United States Court of Appeals
Sixth Circuit.

Dec. 18, 1953.

Hodges & Doughty, Knoxville, Tenn., for appellant.

John C. Crawford, Jr., U.S. Atty., James M. Meek, Asst. U.S. Atty., Knoxville, Tenn., for appellee.

Before MARTIN, McALLISTER and MILLER, Circuit Judges.

PER CURIAM.

1

In this case, appellant was convicted and sentenced to fines and imprisonment for violation of the Internal Revenue laws of the United States (see especially section 2810, Title 26 U.S.C.). The principal argument of appellant is based on the alleged error of the United States District Court in denying his motion for acquittal and in allegedly erroneously instructing the jury.
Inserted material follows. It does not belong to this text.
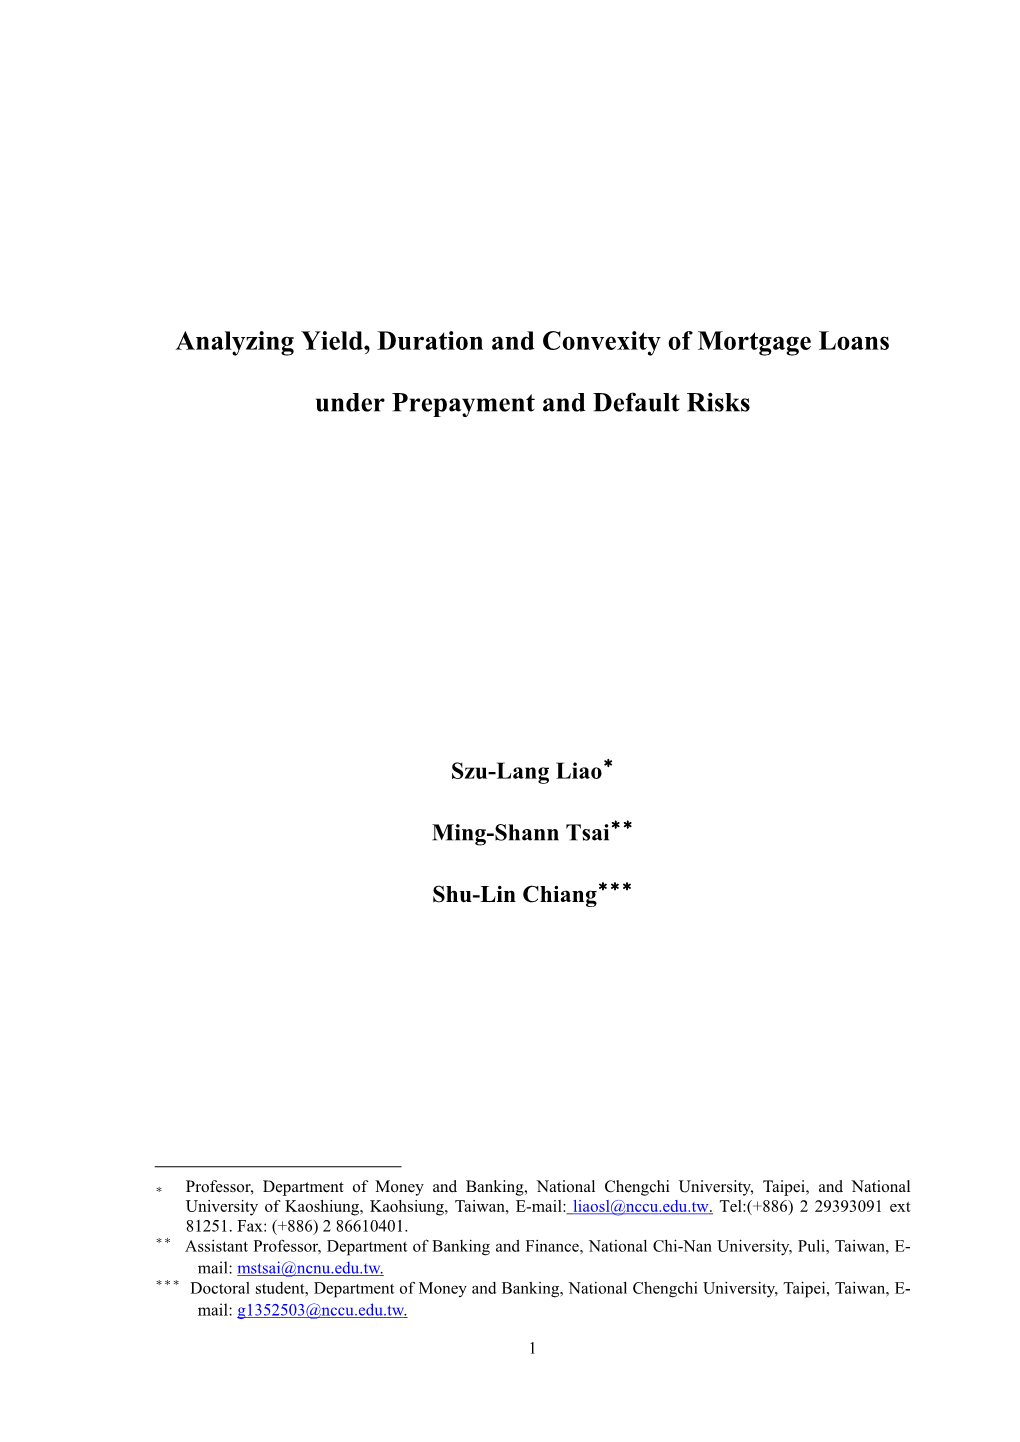 Analyzing Yield, Duration and Convexity of Mortgage Loans Under

It is contended that appellant was not in possession of a still or distilling apparatus 'set-up' within the meaning of the statute, in that the still was not in operation at the time appellant was arrested.

2

But, as stated by the district judge in his succinct memorandum opinion, on the day the appellant was apprehended he was seen, by the arresting officers, with another person in the act of putting bran and sugar in the still pot, or boiler, although the worm and cap of the still were not then in position or within sight of the officers. A 'run' was being prepared, however, and, as pointed out by the district judge, partial dismantlement of the still is necessary while a new run is being prepared. The trial judge described the practice of moonshiners of taking the worm and cap of the still to a hiding place in order to protect them when the still is left unguarded at night.

3

The raiding federal officers had observed the still in full operation, with all necessary distilling apparatus in place, on the day before the raid; but the operators, including appellant, were then absent. Wherefore, the still was not then raided because its operators could not be caught in the act of law violation. The officers returned the following day, at which time they observed appellant and others in the act of preparing for a run. As reasoned by the district judge, the fact that appellant and the other violators were putting ingredients for distillation into the boiler was a circumstance from which the conclusion was inescapable that the missing parts of the still were available when wanted.

4

United States v. Cafero, 2 Cir., 55 F.2d 219, upon which appellant relies, was correctly distinguished by the district judge for the reason that, in that case, the apparatus was new and had never been completely assembled at the situs where it was found. We agree with the district judge that the evidence established that appellant violated section 2810, Title 26, of the United States Code.

5

The judgment of the District Court is therefore, affirmed.